What is the difference between Linear Cryptanalysis and Differential Cryptanalysis in Information Security?


Linear Cryptanalysis

Linear cryptanalysis is a general style of cryptanalysis based on discovering affine approximations to the element of a cipher. Attacks have been produced for block ciphers and stream ciphers. Linear cryptanalysis is one of the two most broadly used attacks on block ciphers and the other being differential cryptanalysis.

Linear cryptanalysis is a strong cryptanalytic tool regarding cryptanalysis of block ciphers. When using linear cryptanalysis, an adversary attempt to discover a linear expression that approximates a non-linear function with a probability different than 1/2.

When a best approximation, it includes a relation between the plaintext and ciphertext, is discovered, the adversary gains information about the secret key. The approximation has the form −

$$\mathrm{P_{i} \oplus ..\, \oplus P_{j}\oplus C_{k}\oplus C_{1}=k_{m}\oplus k_{n}}$$

with Pi ... Pj being plaintext bits, Ck ... Cl ciphertext bits and Km ... Kn key bits. The approximation influence with some probability p, and its quality is generally computed by the bias which is defined as $\mathrm{\epsilon \, =\, \left|p-\frac{1}{2} \right|}$.

Differential Cryptanalysis

Differential cryptanalysis is a common style of cryptanalysis relevant frequently to block ciphers, but it can also to stream ciphers and cryptographic hash functions. In the generous sense, it is the study of how differences in information input can influence the resultant difference at the output.

In the case of a block cipher, it defines a group of techniques for tracing differences through the web of transformation, finding where the cipher exhibits non-random behavior and exploiting such properties to find the secret key.

The input difference should be acutely chosen for the attack to be strong. An analysis of the algorithm’s private is undertaken and the typical approach is to trace a path of largely probable differences through the several stages of encryption, defined as as differential characteristic.
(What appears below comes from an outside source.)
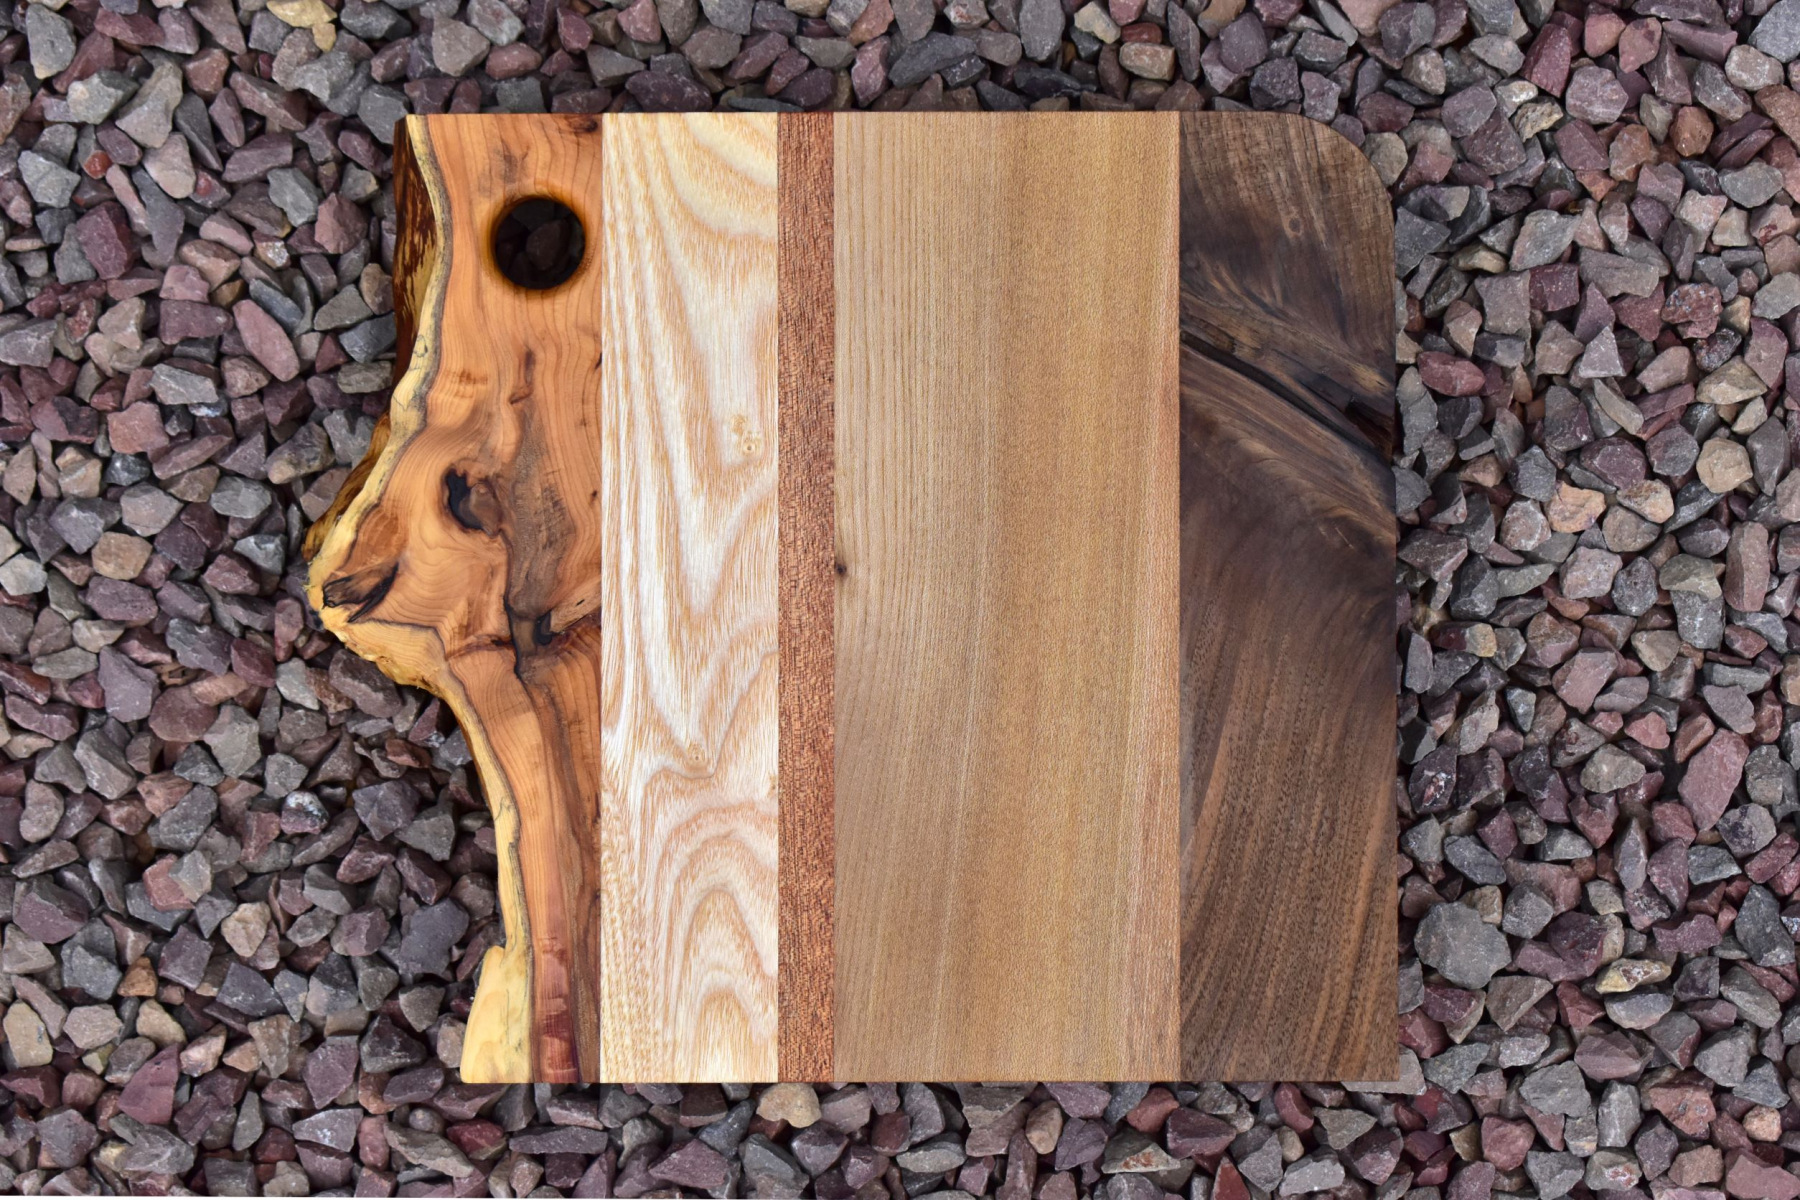 Mixed wood charcuterie board

Let us see the comparison between Linear and Differential Cryptanalysis.

Linear Cryptanalysis
Differential Cryptanalysis
Linear cryptanalysis is a known plaintext attack, in which the attacker studies probabilistic linear relations called a linear approximations among parity bits of the plaintext, the Ciphertext and the hidden key.
Differential cryptanalysis can be defined as a general style of cryptanalysis that is basically available to block ciphers, cryptographic hash functions. It involve a precise analysis of how differences in information input can influence the resulting characteristics at the output.
In linear cryptanalysis, the aspect of the cryptanalyst is to recognize the linear relation between several bits of the plaintext, there are some bits of the ciphertext, and few bits of the unknown key.
By comparing the changes in some selected plaintexts, and the difference in the outputs resulting from encrypting each one, it is applicable to find several keys.
In linear cryptanalysis, the cryptanalyst decrypts each cipher using some applicable sub keys for one round of encryption and studies the resulting intermediate cipher text to compare the random outcomes.
In differential cryptanalysis, the changes to the intermediate cipher text are acquired between multiple rounds of encryption. The attacks can be combined, and this can be defined as differential-linear cryptanalysis.